Layer 1: Physical layer 第 1 層:實體層
As the name suggests, the physical layer corresponds to the physical hardware involved in network transmission. Hubs, modems, and the cables and wiring that connect them are all considered part of the physical layer. To travel across an ethernet or coaxial cable, a data packet needs to be translated into a stream of 0s and 1s. The stream of 0s and 1s are sent across the physical wiring and cables, received, and then passed on to higher levels of the OSI model.

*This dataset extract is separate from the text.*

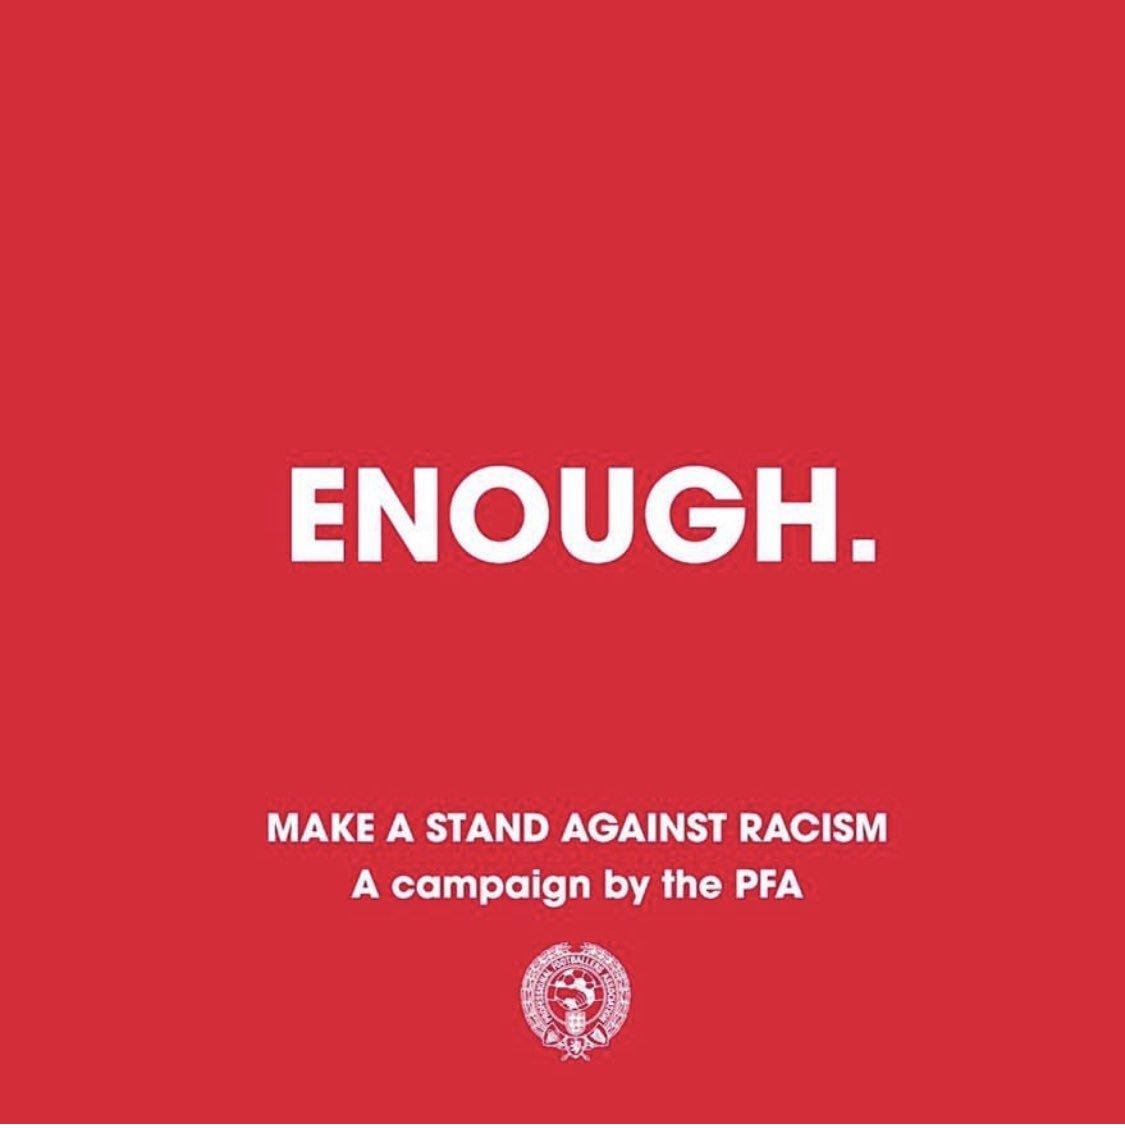 Footballers boycotting social media face 'racist abuse'

如其名稱所示,實體層對應於網路傳輸中涉及的實體硬體。集線器、調製解調器以及連接它們的電纜和線路都被視為實體層的一部分。為了在乙太網或同軸電纜上傳輸,數據包需要被轉換為 0 和 1 的流。這些 0 和 1 的流經由實體線路和電纜傳送、接收,然後再傳遞到 OSI 模型的更高層。
Key takeaways 關鍵要點
Both the TCP/IP and OSI models are conceptual models that help network professionals design network processes and protocols with regards to data transmission between two or more systems. The OSI model contains seven communication layers. Network and security professionals use the OSI model to communicate with each other about potential sources of problems or security threats when they occur. Network engineers and network security analysts use the TCP/IP and OSI models to conceptualize network processes and communicate the location of disruptions or threats.
TCP/IP 和 OSI 模型都是概念模型,幫助網路專業人員設計網路過程和協議,以便在兩個或多個系統之間進行數據傳輸。OSI 模型包含七個通信層。當問題或安全威脅發生時,網路和安全專業人員使用 OSI 模型來相互溝通潛在的問題來源或安全威脅。網路工程師和網路安全分析師使用 TCP/IP 和 OSI 模型來概念化網路過程,並溝通中斷或威脅的位置。